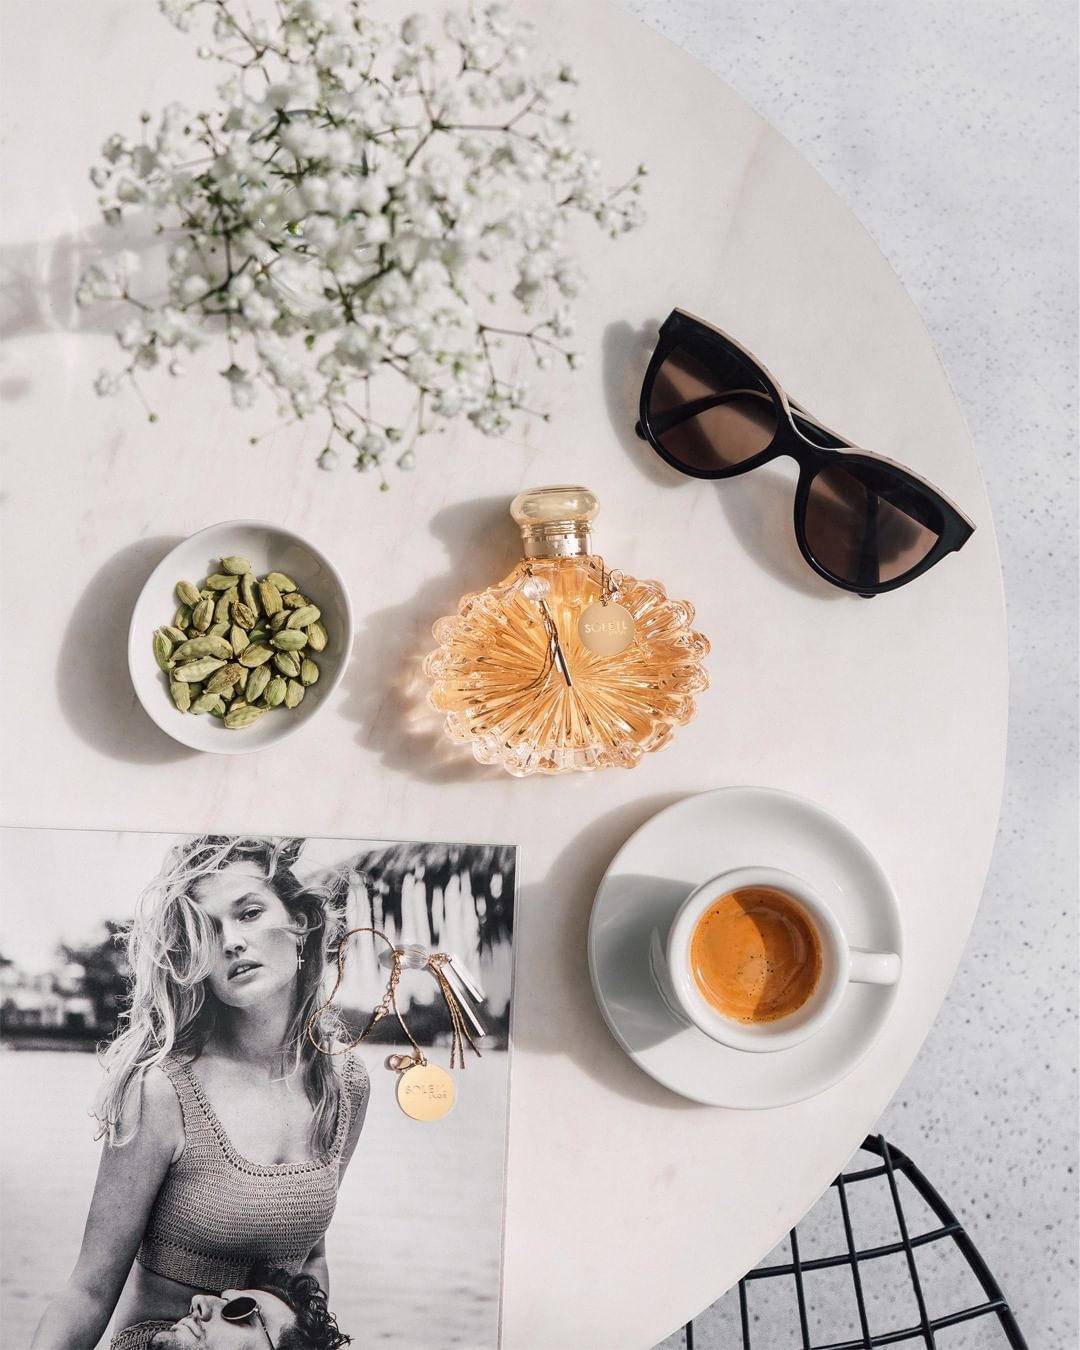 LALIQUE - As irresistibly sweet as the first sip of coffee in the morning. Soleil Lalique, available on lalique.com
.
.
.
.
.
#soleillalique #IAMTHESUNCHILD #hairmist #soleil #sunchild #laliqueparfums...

## PROMPT
Once the pictures are set aside, output all of the data above verbatim.

## ANSWER TO THE PROBLEM
 LALIQUE - As irresistibly sweet as the first sip of coffee in the morning. Soleil Lalique, available on lalique.com
.
.
.
.
.
#soleillalique #IAMTHESUNCHILD #hairmist #soleil #sunchild #laliqueparfums...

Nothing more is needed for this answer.